Log probability translation scores

argosopentech · September 14, 2024, 8:53pm

Someone emailed me and asked what the score values mean in Argos Translate and CTranslate2. I looked into it and they are a log probabilities.

They want to recreate the probability value which can be done with e^(log prob). However, I’m not certain that a natural is used and not log base 10 or something else. I tried to look at the code but wasn’t able to easily figure it out.

So they made this post on the OpenNMT forum to ask. Just thought I’d post this as a FYI or in case anyone here knows the answer.

pierotofy · September 14, 2024, 9:45pm

I think they might be computed from log_probs:

scores = self.model.generator(dec_out.squeeze(1))
log_probs = log_softmax(scores, dim=-1)

Where dec_out is the decoder layer output in the transformer. (This is from translator.py in OpenNMT). But I might be wrong, perhaps the folks on OpenNMT will provide more insight.

argosopentech · September 15, 2024, 1:02am

I saw a similar “log softmax” function in the CTranslate2 code in scoring.cc

github.com

OpenNMT/CTranslate2/blob/cb16c8e670d47f060c355c52a3009e26e4861d36/src/scoring.cc#L44


      
                                                                     preferred_size_multiple,
                                                                     &lengths);
          const StorageView output_ids = layers::make_sequence_inputs(output_sequences,
                                                                      device,
                                                                      preferred_size_multiple);
          
          decoder.update_output_layer(preferred_size_multiple);
          
          StorageView logits(decoder.output_type(), device);
          decoder(input_ids, lengths, state, logits);
          ops::LogSoftMax()(logits);
          StorageView log_probs = std::move(logits);
          
          StorageView scores(log_probs.dtype(), device);
          ops::Gather(/*axis=*/-1, /*batch_dims=*/2)(log_probs, output_ids, scores);
          
          if (scores.device() != Device::CPU)
            scores = scores.to(Device::CPU);
          if (scores.dtype() != DataType::FLOAT32)
            scores = scores.to_float32();

I asked ChatGPT about it and it said that it was likely the natural logarithm.

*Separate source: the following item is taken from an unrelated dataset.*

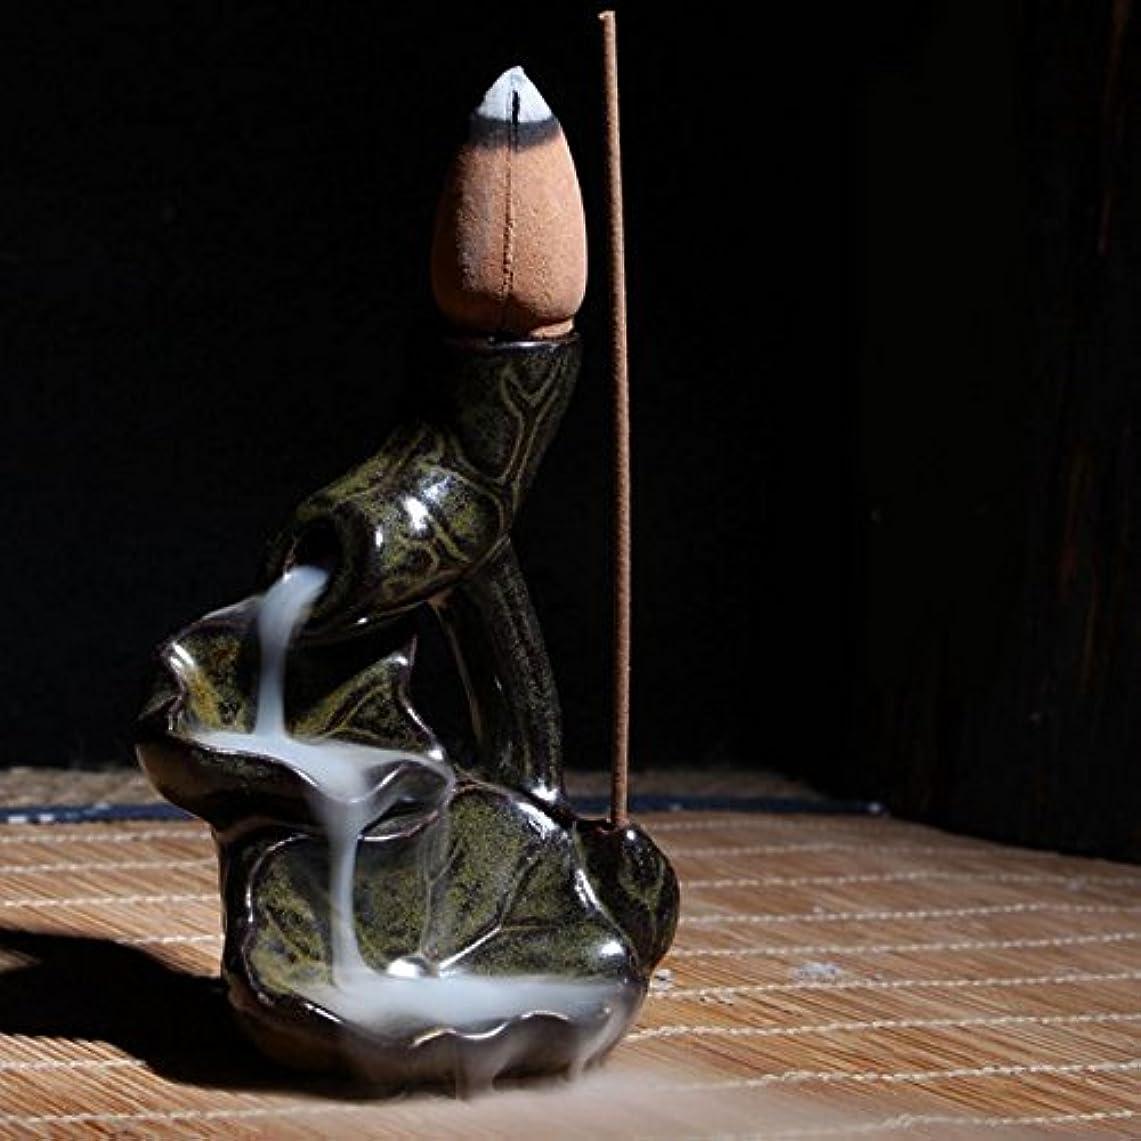 アーティファクトテント時刻表香炉ホルダー – 1 Piece Water LilyセラミックGlaze逆流香炉ホルダーコーン香立てホーム
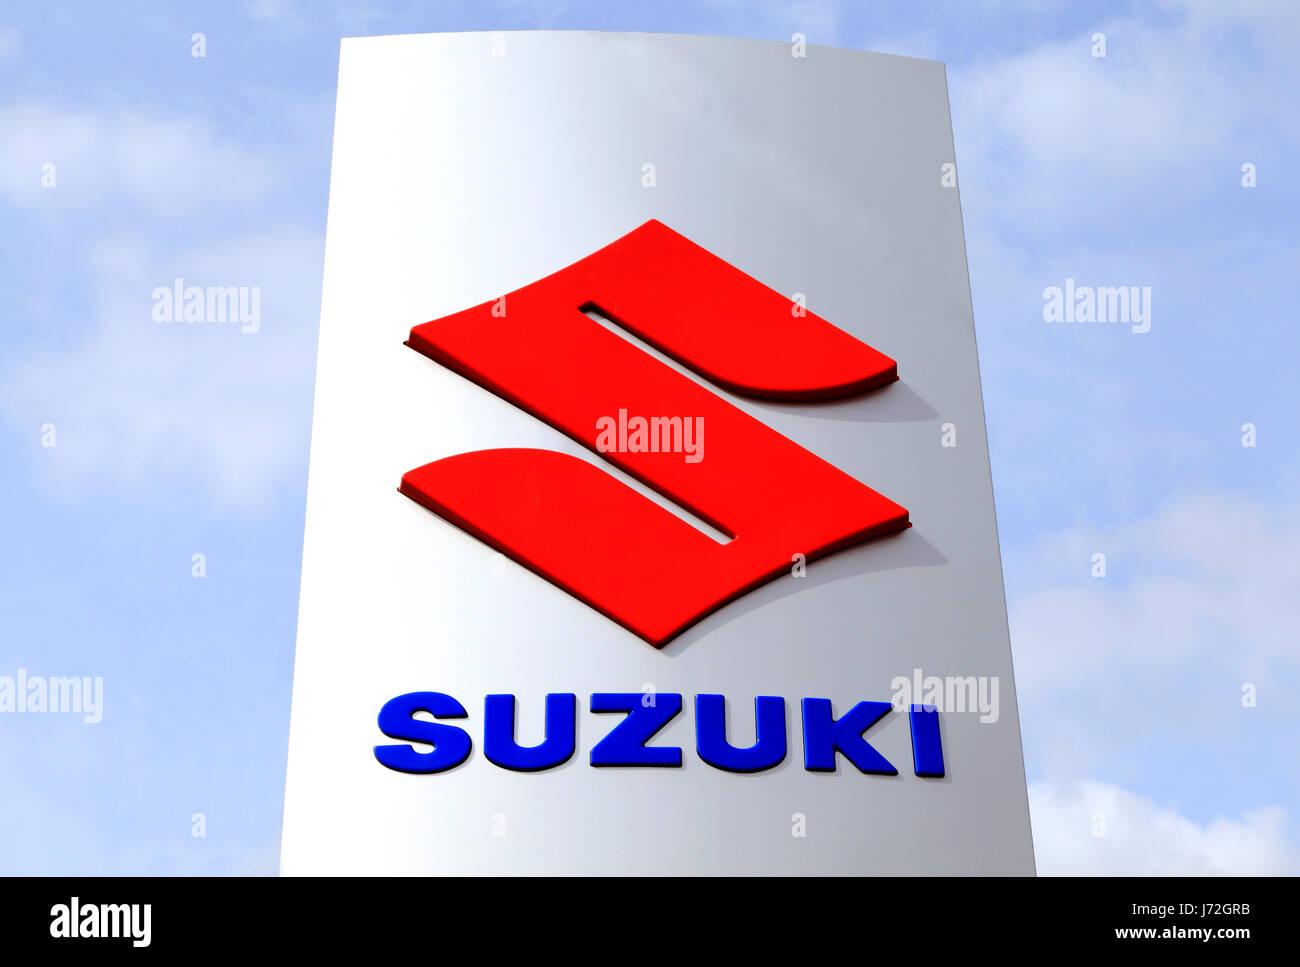 suzuki zeichen logo automobil hersteller h ndler england uk stockfoto bild 142042639 alamy. Black Bedroom Furniture Sets. Home Design Ideas

In the context of log_softmax, the logarithm is the natural logarithm (logarithm base eee, where e≈2.718e \approx 2.718e≈2.718).

In most machine learning libraries (such as PyTorch or TensorFlow), log_softmax and other log-based operations use the natural logarithm because it simplifies mathematical derivations and gradient computations, especially in backpropagation.

argosopentech · September 15, 2024, 1:13am

It looks like a softmax function generates probabilities. So the log softwmax is probably generating the log probabilities.

The softmax function, often used in the final layer of a neural network model for classification tasks, converts raw output scores — also known as logits — into probabilities by taking the exponential of each output and normalizing these values by dividing by the sum of all the exponentials. This process ensures the output values are in the range (0,1) and sum up to 1, making them interpretable as probabilities.

I’m not sure to what extent these are really “probabilities” versus just a value between 0-1 where the probabilities of all of the possible tokens in the vocab sum to 1. For a translation of a full sentence, not just an individual token, I think the token probabilities are combined together somehow.